A decade of national expansion: 1997-2006
Once owned by Kaplan, Inc., the company expanded to over 165 locations in eleven states at its height. The division moved its headquarters from San Francisco, CA to Jack London Square. By 2005, the learning centers had helped more than 250,000 students since it first opened its doors in Palo Alto, CA. By 2006, the centers served 82,000 students per year. The division headquarters moved again to Chicago, IL.
Later developments: 2007 to present
In 2007 Kaplan and SCORE! released SCORE! Mountain Challenge Workbook Series and interactive companion.
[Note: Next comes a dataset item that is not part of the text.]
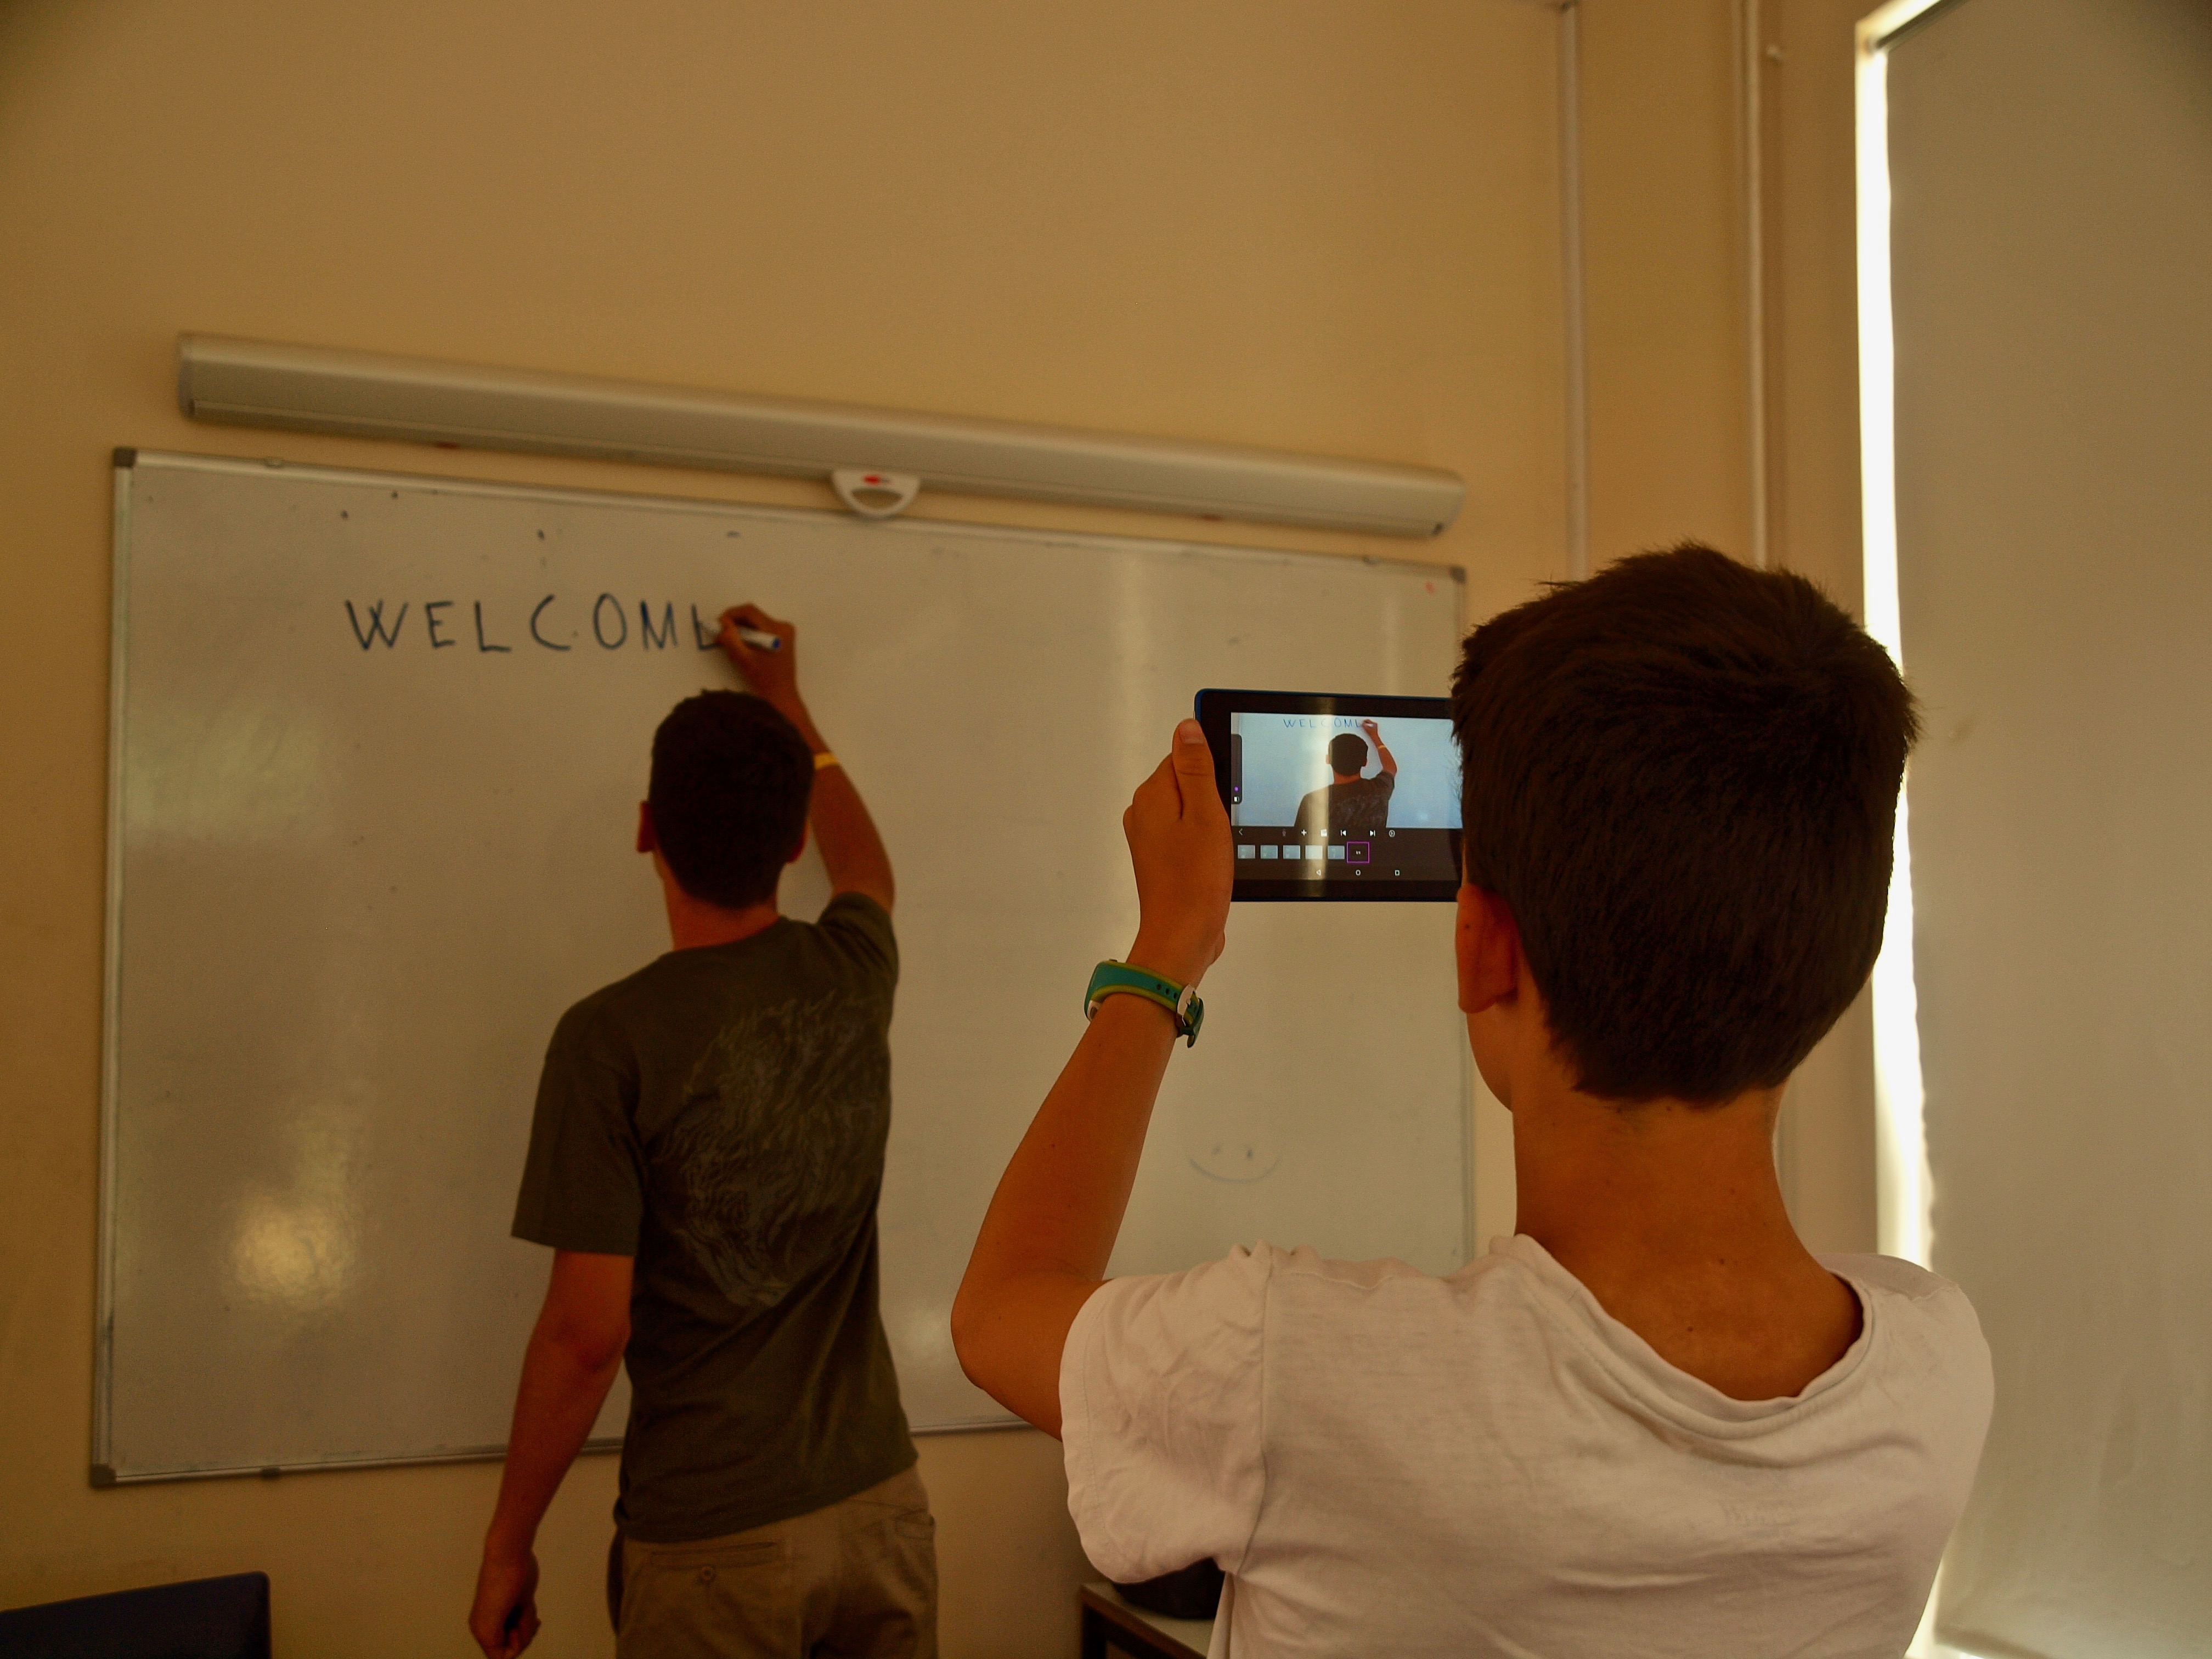 Uczeń piszący na tablicy słowo "welcome", drugi robi mu zdjęcie telefonem komórkowym

The same year, likely due to continued weak results in revenue, Kaplan made the decision to close 75 Score! centers, nearly half of the total 160 centers as of the end of 2007, eliminating entirely the regions in San Diego, Orange County, Texas, and Georgia among other centers in the remaining regions. The closures were focused primarily on centers that solely offered only one of Score!'s programs (either the Advantage Program or the Personal Academic Tutoring program.) The company restructuring resulted in certain management and terminating certain employees from closed centers. The remaining centers offered both programs to increase revenue opportunities. As of January, 2008, Score! operated 80 centers in eight states.
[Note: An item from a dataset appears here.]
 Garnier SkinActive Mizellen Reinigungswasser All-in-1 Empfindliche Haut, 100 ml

SCORE! closes all operations June 2009
Score revenues declined 41% in the first quarter of 2009, and operating losses at Score increased from $3.7 million in the first quarter of 2008 to $17.6 million in the first quarter of 2009, inclusive of restructuring charges. At the end of March 2009, the Washington Post Company approved a plan to offer tutoring services, previously provided at Score, in Kaplan test prep centers. In conjunction with this plan, 14 existing Score centers will be converted into Kaplan test prep centers and the remaining 64 Score centers will be closed. The plan is expected to be substantially completed by the end of the second quarter of 2009. Washington Post recorded $11.5 million in asset write-downs, severance and accelerated depreciation of fixed assets in the first quarter of 2009, including a $9.2 million write-down on Score's software product. Additional operating losses of approximately $19.2 million are expected to be recorded during the remainder of 2009; these estimated losses are related to the wind-down period of the 64 Score centers to be closed, including $15.0 million related to lease obligations, severance and accelerated depreciation of fixed assets. Poor upper regional management and internal weak structures eventually led to a class action lawsuit for violating labor laws brought on by Score! employees which settled out of court for an undisclosed amount.